= Ernst Lehrs =

Ernst Lehrs (30 July 1894 in Berlin - 31 December 1979 in Eckwälden, West Germany) was a German anthroposophist, Waldorf teacher, lecturer and writer.

==Life==
Ernst Lehrs was born to assimilated Jewish–Protestant parents in Berlin. He volunteered for service at the beginning of World War I. After the war he studied natural sciences, completing his PhD in 1923.

Together with a number of his student friends, he discovered Anthroposophy in 1920 and had numerous personal meetings with Rudolf Steiner. The thoughts and ideas of these young people were welcomed by Rudolf Steiner and he entered fully into their wishes and striving. In this manner he learned to connect his past training in the natural sciences with the manner of thinking and investigation of Goethe, which determined the future direction of his research. Together with Wilhelm Rath he contributed significantly to the organisation of the youth conference in which Rudolf Steiner held the lecture cycle "The Younger Generation" and which led to the founding of an Esoteric Youth Circle. He describes this in his autobiography "Gelebte Erwartung".

After completing his studies he became senior teacher at the first Waldorf School in Stuttgart, beginning on a career as educator first of children and later in adult education. With the rise of National Socialism in Germany, he emigrated to the Netherlands in 1935, where he taught in a Waldorf school and then later to Britain. During a short period of internment he met Karl König in 1940, beginning a long relationship between the two. His best known work, Man or Matter, was first published in England.
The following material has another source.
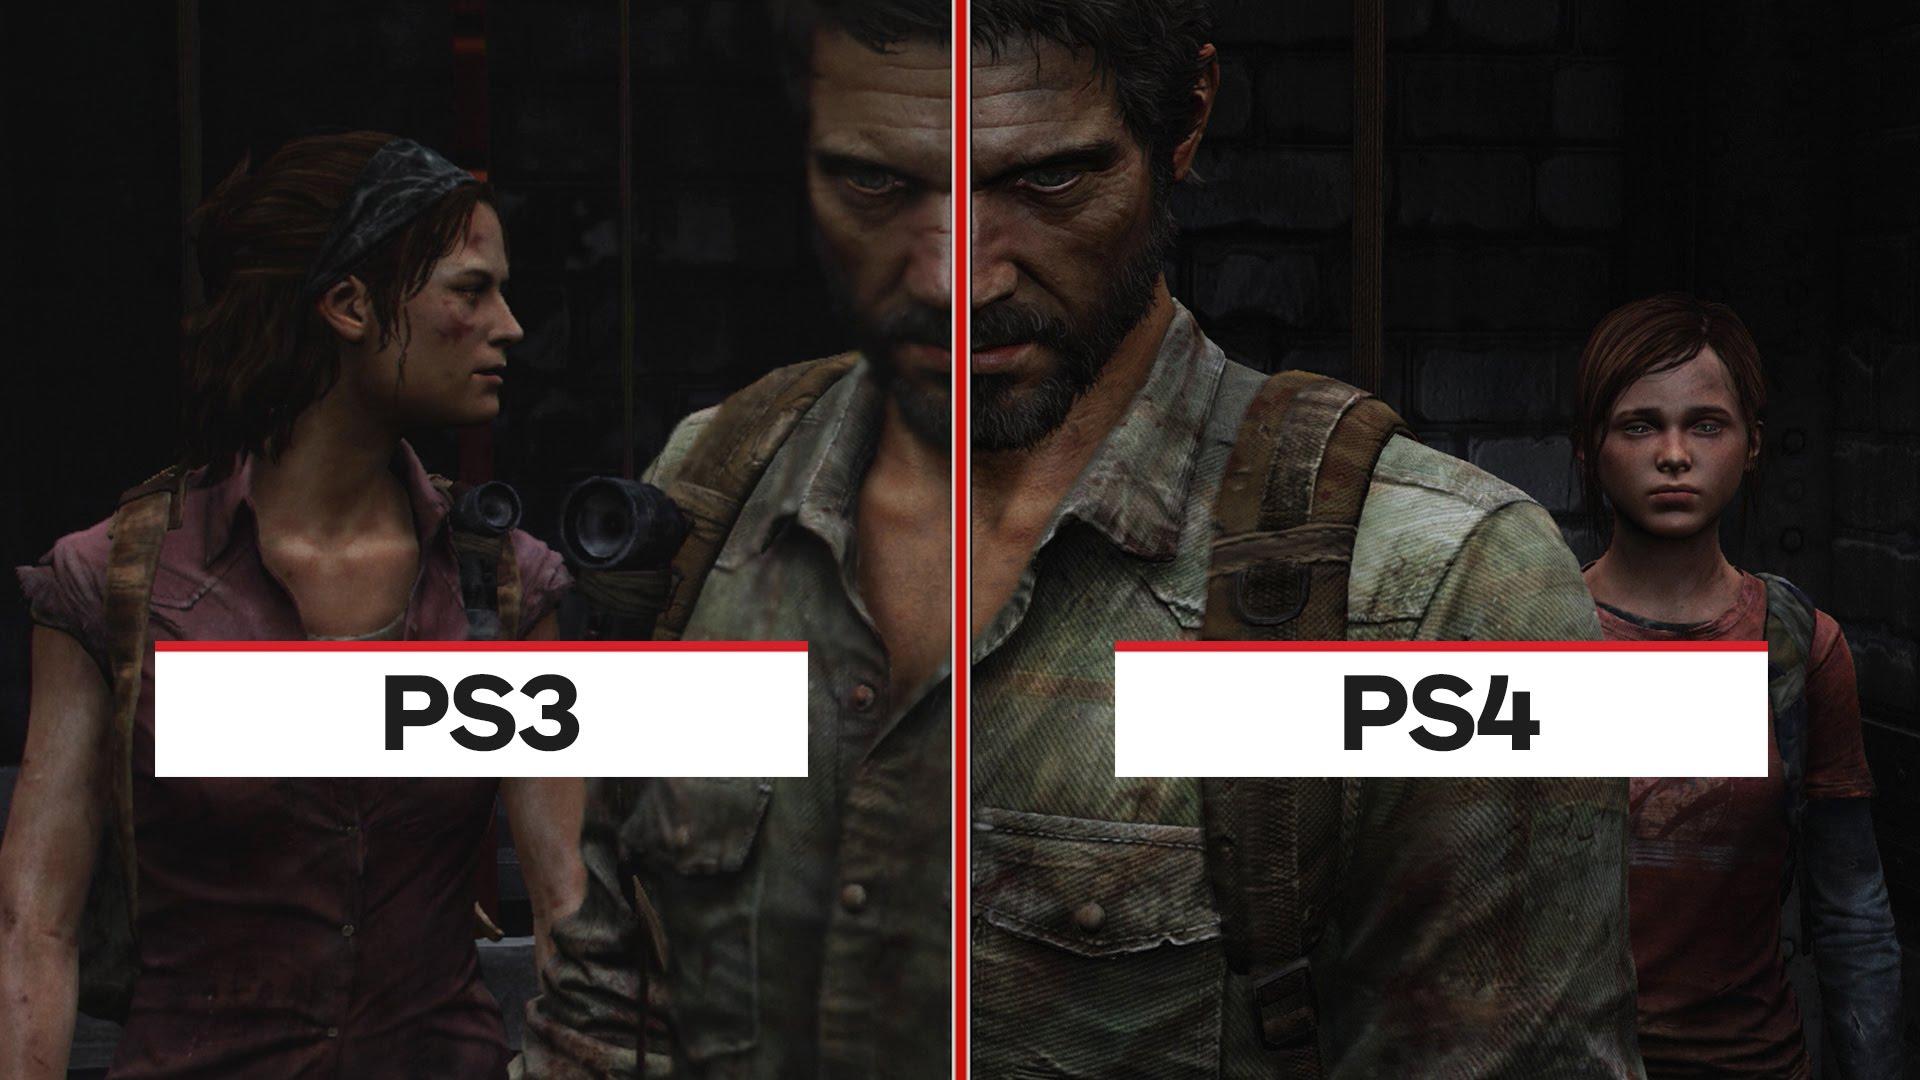 The Last Of Us Wallpaper 1920x1080 52754

Close ties of friendship connected him with the philosopher and close co-worker of Rudolf Steiner, Maria Röschl, who had been delegated with the task of founding the Youth Section at the Goetheanum. In 1939, they were married in England, pursuing a common commitment to young people and their possibilities of finding meaningful principles in life in our materialistic technological society. In 1952 the couple returned to Germany, where he worked as lecturer at the Seminar for Curative Education in Eckwälden until his death in 1979.

==Works==

- Man or Matter, London 1951; Klostermann, Frankfurt am Main 1953; 3rd edition 1987. ISBN 3-465-00285-7.
- Der rosenkreuzerische Impuls im Leben und Werk von Joachim Jungius und Thomas Traherne. (The Rosicrucian entrepreneurial impulse in the life and work of Joachim Jungius and Thomas Traherne). Freies Geistesleben (Studien und Versuche 5), Stuttgart 1962.
- Vom Geist der Sinne: Zur Diätetik des Wahrnehmens. (From the mind of the senses: toward the dietetics of perceiving). Klostermann, Frankfurt am Main 1973, 3rd edition 1994. ISBN 978-3-465-02651-8.
- Spiritual Science, Electricity and Michael Faraday, London, 1975.
- Rosicrucian Foundations of the Age of Natural Science, Spring Valley, NY, 1976.
- Gelebte Erwartung. (Living expectation). Mellinger, Stuttgart, 1979. ISBN 3-88069-088-X.